I sit forward in my chair, pulse picking up. “Quinn?”
She blinks, laughs a little too quickly. “Um... I-I don’t think so. I mean, I haven’t—“ She stops herself, color rising in her cheeks.
The nurse doesn’t look rattled. “If there’s even a possibility, we’ll need to do a quick test before we proceed. Just to be safe.”
I catch the way Quinn grips the armrest, her knuckles turning white. My chest tightens, because this isn’t the Quinn I know—the one who stands tall in front of anyone, who could stare down the devil himself and not blink. This is fear.
The nurse excuses herself to grab the test kit, and for a moment it’s just us.
“Darlin’,” I murmur, leaning toward her. “Talk to me.”
She shakes her head, eyes wide, whispering, “I-I missed my period.”
The words land like a punch to the gut. My brain blanks just as the nurse returns, cheerful and efficient, and Quinn disappears with her toward the bathroom, leaving me alone with a storm I can’t name.

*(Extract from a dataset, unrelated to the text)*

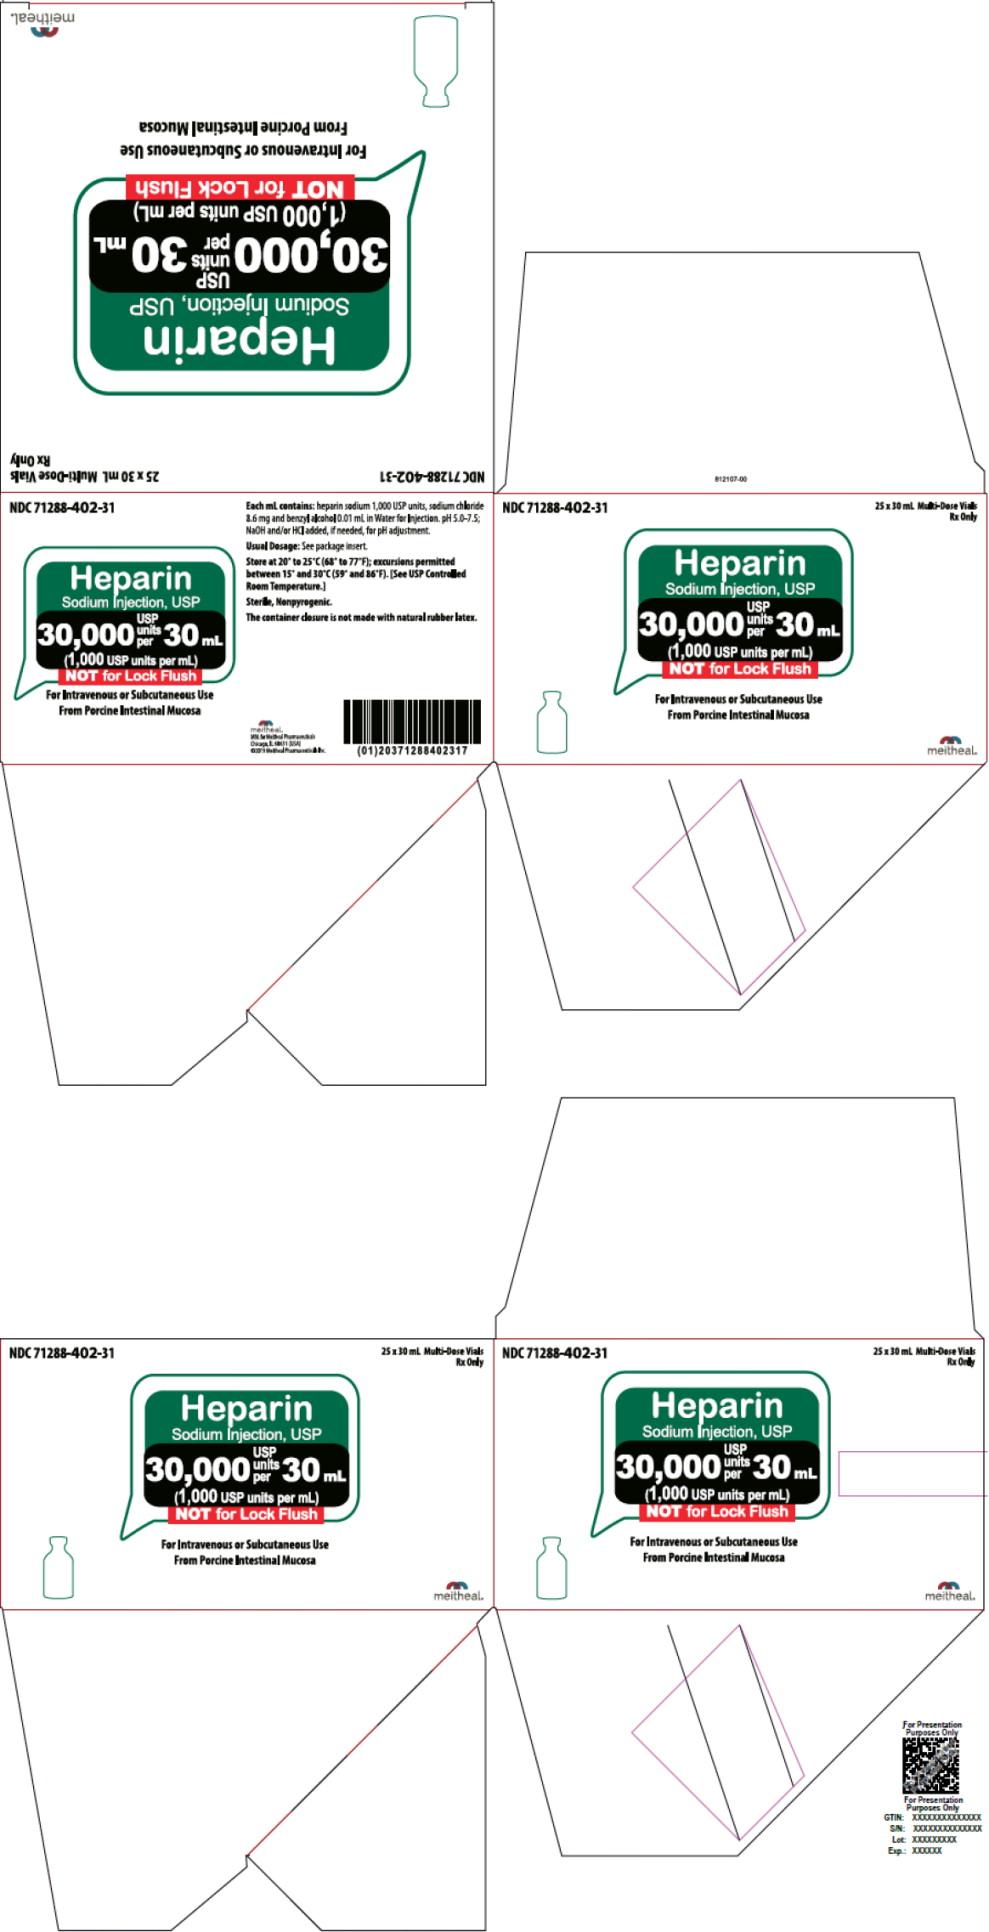 Principal Display Panel – Heparin Sodium Injection, USP 30,000 USP Carton

I pace the tiny waiting area like a caged bull. My arm still stings where they stuck me, but I can’t sit still, not when Quinn’s behind that door with a test that could flip our entire world upside down.
My mind’s a damn stampede. She missed her period. We weren’t careful every time. What if she is?

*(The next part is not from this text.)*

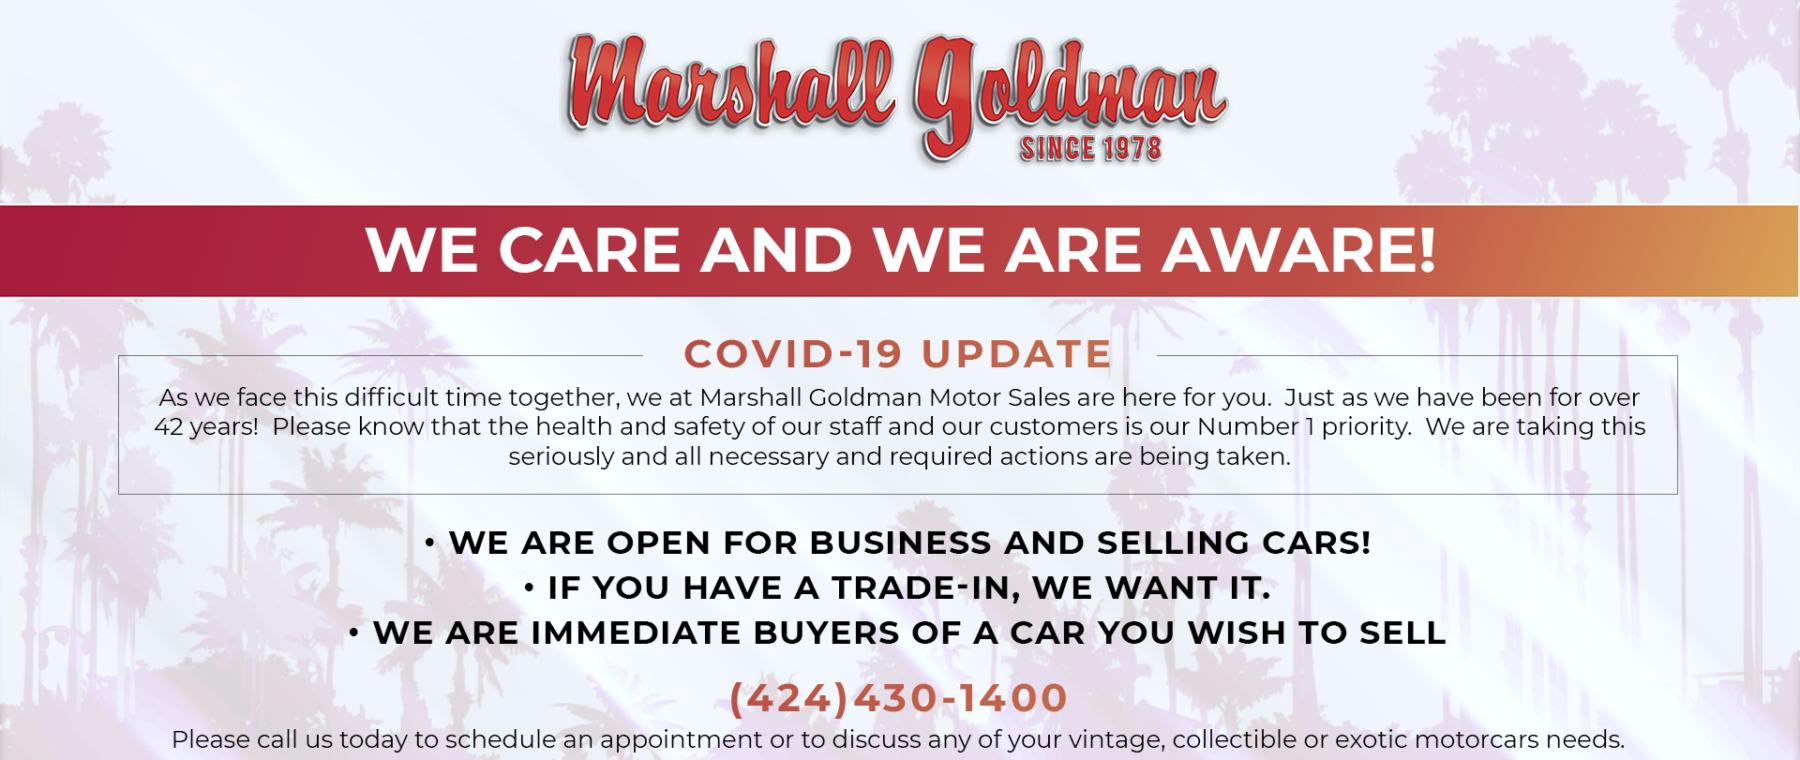 COVID-19 Update at Marshall Goldman Beverly Hills

I scrub a hand over my face, try to breathe through it. I’ve been through hell and back with my addiction, fought to earn trust again, clawed my way to a clean slate. I can handle a lot. But the idea of bringing a kid into this, into me—it terrifies the life out of me.
And yet, a part of me can’t stop imagining it. Quinn with a tiny baby curled against her chest. Me, holding something so small and fragile, swearing I’d never let them see the man I used to be. A family. Mine. Ours.
The door opens, snapping me out of it. The nurse comes first, her expression polite but unreadable, and behind her is Quinn, pale as paper. She won’t look at me.
“Mr. Morgan,” the nurse says gently, “the test is positive. Congratulations.”
The word hangs there—congratulations—as if it belongs in this sterile hallway, as if it isn’t about to turn my whole life inside out.
Positive.
My throat locks up. I can’t speak. I can’t move. All I can do is stare at Quinn, whose arms are wrapped tightly around herself as if she’s holding her world together by sheer will.
I want to reach for her. I want to tell her we’ll figure it out, that I’ll stand by her no matter what. But the words get stuck in the mess of fear, awe, and something deeper I can’t even name yet.
Quinn’s lip trembles. Her eyes flick to mine for half a second, wide and panicked, before she bolts. She just turns and runs down the corridor.
“Quinn!” I shout after her.
For a moment I just stand there, staring after her, my chest heaving, the nurse watching me as if she’s not sure whether I’ll break or follow.
I know one thing, though. I can’t let her face this alone.
And so, even with my pulse still rattling in my ears, I take off after her.
The word positive keeps echoing in my head. Positive. Pregnant. Father. All of it lands heavy, like I’ve been thrown flat on my back in the dirt.